I understand the attitude of hon. Members on the Opposition side for they say frankly that they would not have this safeguard in the Bill. I quite appreciate their point of view. They do not want that safeguard in the Bill, and I hope Lancashire will mark that fact when it comes to judge them. Labour Members do not want any safeguards for Lancashire operatives. I will do the Government the credit of saying that they do want such safeguards I can understand the attitude of the Labour Opposition but not the attitude of the Government. The Government say: "We want a safeguard, but we will give it in such a way that it cannot be effective." That is what their attitude means. Do the Government think that over a small duty of 2 or 3 per cent. the Governor-General, who will have endless matters to deal with, who is going to be faced with all sorts of constitutional difficulties, is going to run the risk of attack in India and in this country by standing up for the constitution? Whatever we may like to think, we know perfectly well that the machinery in the safeguard will in effect be a dead letter. If the Government want their safeguard to be effective, why should they object to an independent tribunal? When that independent tribunal have given their verdict it should be the duty of the Governor-General to carry out the law. I cannot see any reason why the Government should object to this machinery. Of course, it would be unpopular with Indian ministers. Anything that will give justice to this country will be unpopular with Indian ministers. That is the difficulty we have been up against right from the beginning. We have it on the evidence of the leaders of Congress. We have it in the Indian Press. They tell us that they are going to turn us out bag and baggage and that there can be no peace between this country and India while one shred of our authority remains. When you try to set up effective machinery for your safeguard you find yourselves up against this sort of thing. If you seek to do anything for this country or for Lancashire you incur the wrath of Indian Ministers. The Government ought to think less about incurring the wrath of Indian Ministers and more about doing justice to British subjects in India and in this country. I urge the Government to give the most serious consideration to this matter.

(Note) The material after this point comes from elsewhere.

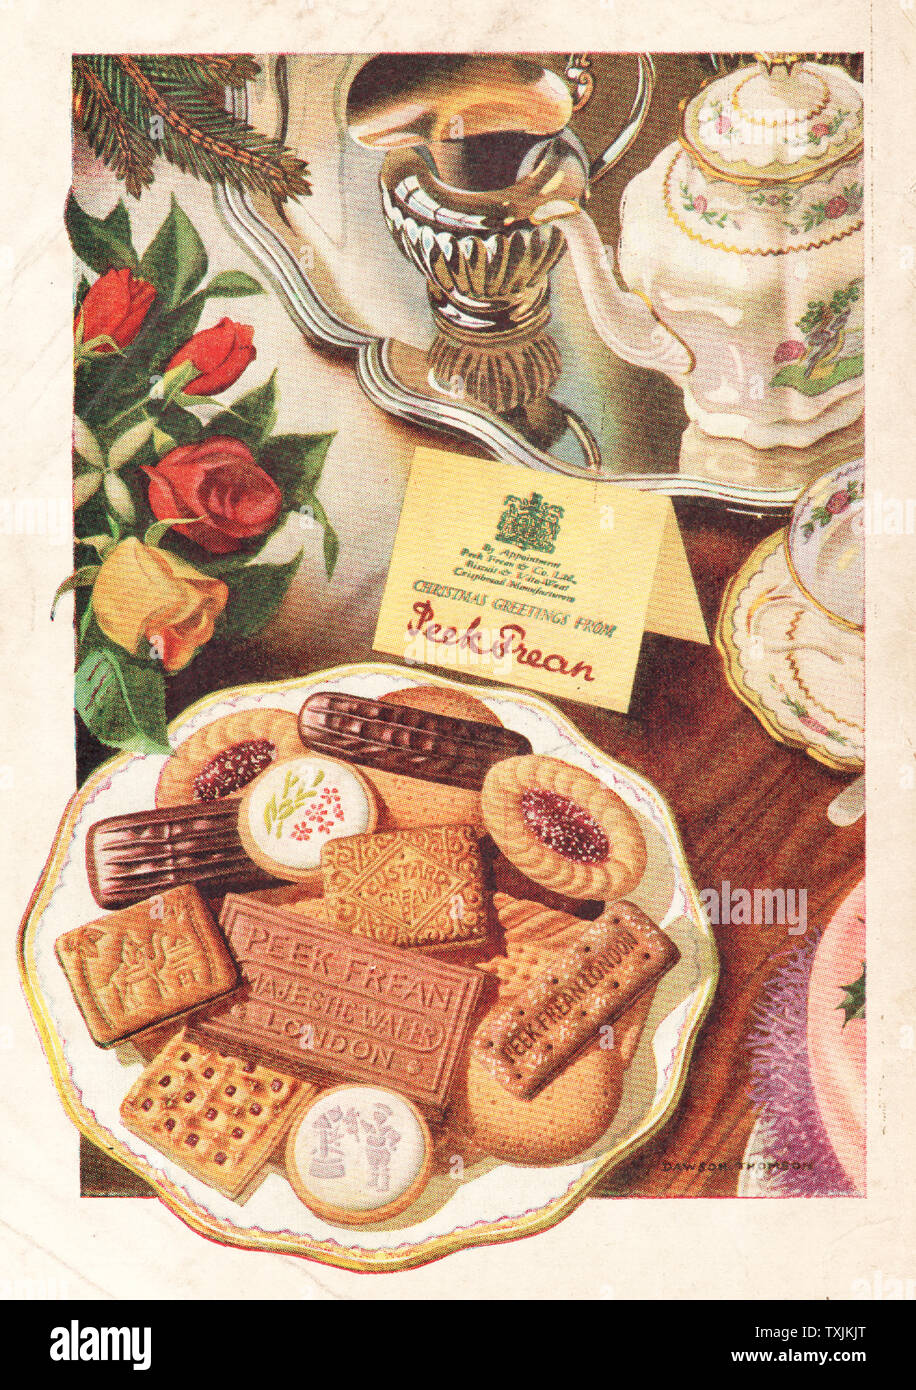 1947 UK Magazine Peek Frean Biscuits Advert Stock Photo

I am ready to admit that the terms in this Clause require a good deal of modification. I do not think that the Clause, although my name is down to it, is an ideal one, but to-night we are debating a principle. We should be perfectly content if the Government would give us an assurance that our real and genuine anxiety will be met. It is symptomatic that hon. Members who, in the face of great pressure in Lancashire, have been loyal throughout to the Government, are to-night with those of us who have been opposed to the Government on this Bill from the beginning. The hon. Member for Bolton (Sir J. Haslam) who is deeply respected in his constituency and throughout Lancashire for the moderation of his opinions, an hon. Member who more than most Members has sought to maintain in Lancashire the reputation of the National Government, has warned the Government to-night. The hon. Member for Withington (Mr. Fleming) warned the Government in no uncertain terms. If the Government persist in their attitude I cannot help feeling that the political consequences in Lancashire will be disastrous, although I hope that they will not. But it is not so much a question of the political consequences in Lancashire as the economic consequences if this thing goes through. We are so apt to forget in this House, in passing hundreds of Clauses and getting very tired of this Bill in many of its aspects, that some of the things we are doing are leaving our hands for ever. We are the last revising tribunal and if we do not do something now we can never do it. If we do not do it now the opportunity

It being Eleven o'Clock, The CHAIRMAN left the Chair to make his Report to the House.

Committee report Progress; to sit again To-morrow.

The remaining Orders were read, and postponed.